As for the Protestants who were in the majority in Germany, in the 1930s there already was a schism within the German church. It began in 1932, when a pro-Nazi movement known as “German Christians” emerged; apart from antisemitism and Nazism it also had an intention to create a unitary imperial church. Before that the German Protestant church was similar to a confederation of dioceses which were de-facto independent from each other. Naturally, it’s very hard for the state to subdue such an organization or push its ideology onto it: you settle things with one bishop, but another one is a different matter. This idea of a rigid church hierarchy was already an impetus for the crack, but the schism between the German Christians and the Confessing Church, the opposition church of Protestant Germany, was caused by the disagreements over the Jewish question. In the spring of 1933, the Aryan paragraph appeared, and in the autumn, on the 5th and 6th of September, the Prussian General Synod (so-called “Brown Synod”) took place, which banned Jews from becoming clergymen. “German Christians” constituted the majority within this Synod, because in July of the same year they won the church elections thanks to the state propaganda and the support of Hitler himself.
On the same evening, a young Lutheran priest Dietrich Bonhoeffer summoned pastors in Berlin and told them: “We must leave this church, we can’t be priests in it.” For a whole year he tried to persuade other oppositional pastors, but they were hesitant: many thought, that by remaining on the inside of the church, they could do something. Then repressions against the dissenters began, and by summer ’34 there were only several dioceses independent from the Nazi vertical left. They were soon brought under control by literal bandit raids: police forces came and arrested the bishops. Parish councils were dismissed, and Nazi “commissioners” were appointed.
“For a whole year he tried to persuade other oppositional pastors, but they were hesitant: many thought, that by remaining on the inside of the church, they could do something”
Reacting to this outrage, the oppositional clergy issued the so-called Barmen Declaration.
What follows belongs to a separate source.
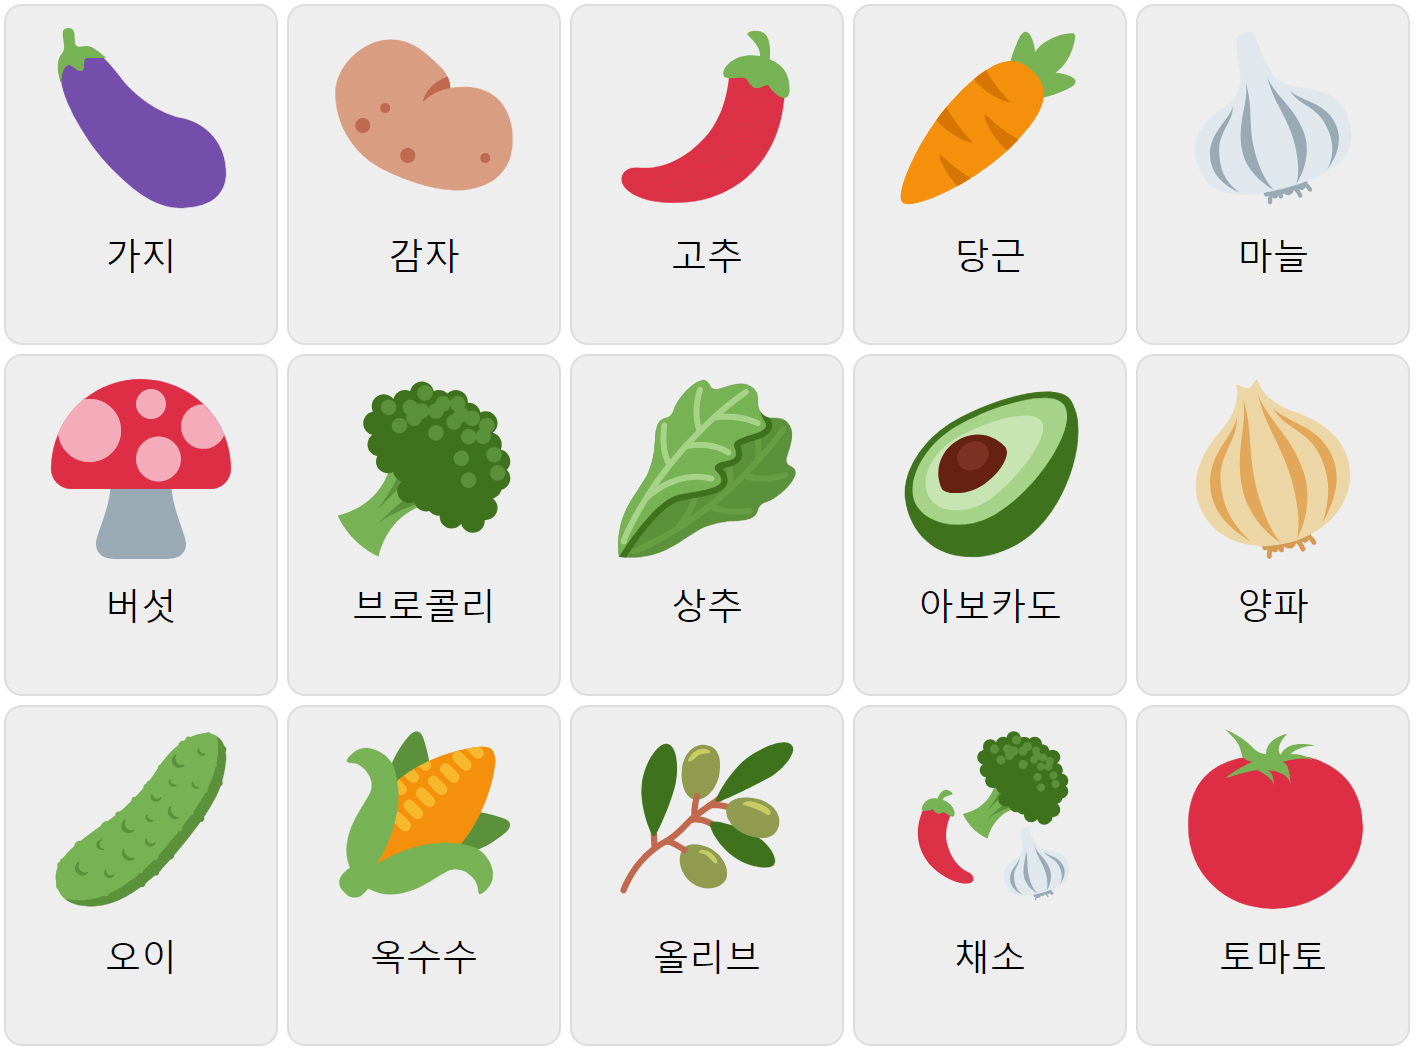 Vegetables in Korean

It contained a relentless critique of the Führerprinzip and a clear point: we listen to Jesus Christ, and if someone says something contradicting his words, we shan’t listen to him. A political and organizational division emerged between the oppositional Confessing Church [Die Bekennende Kierche] and the “German”, now Reichkirche, controlled by national socialists. For the Confessing Church, Dietrich Bonhoeffer organized underground seminaries, where oppositional protestants could learn theology and where Jews could study.
— What is the peculiarity of Bonhoeffer’s own experience as an activist and as a Christian opposing the war?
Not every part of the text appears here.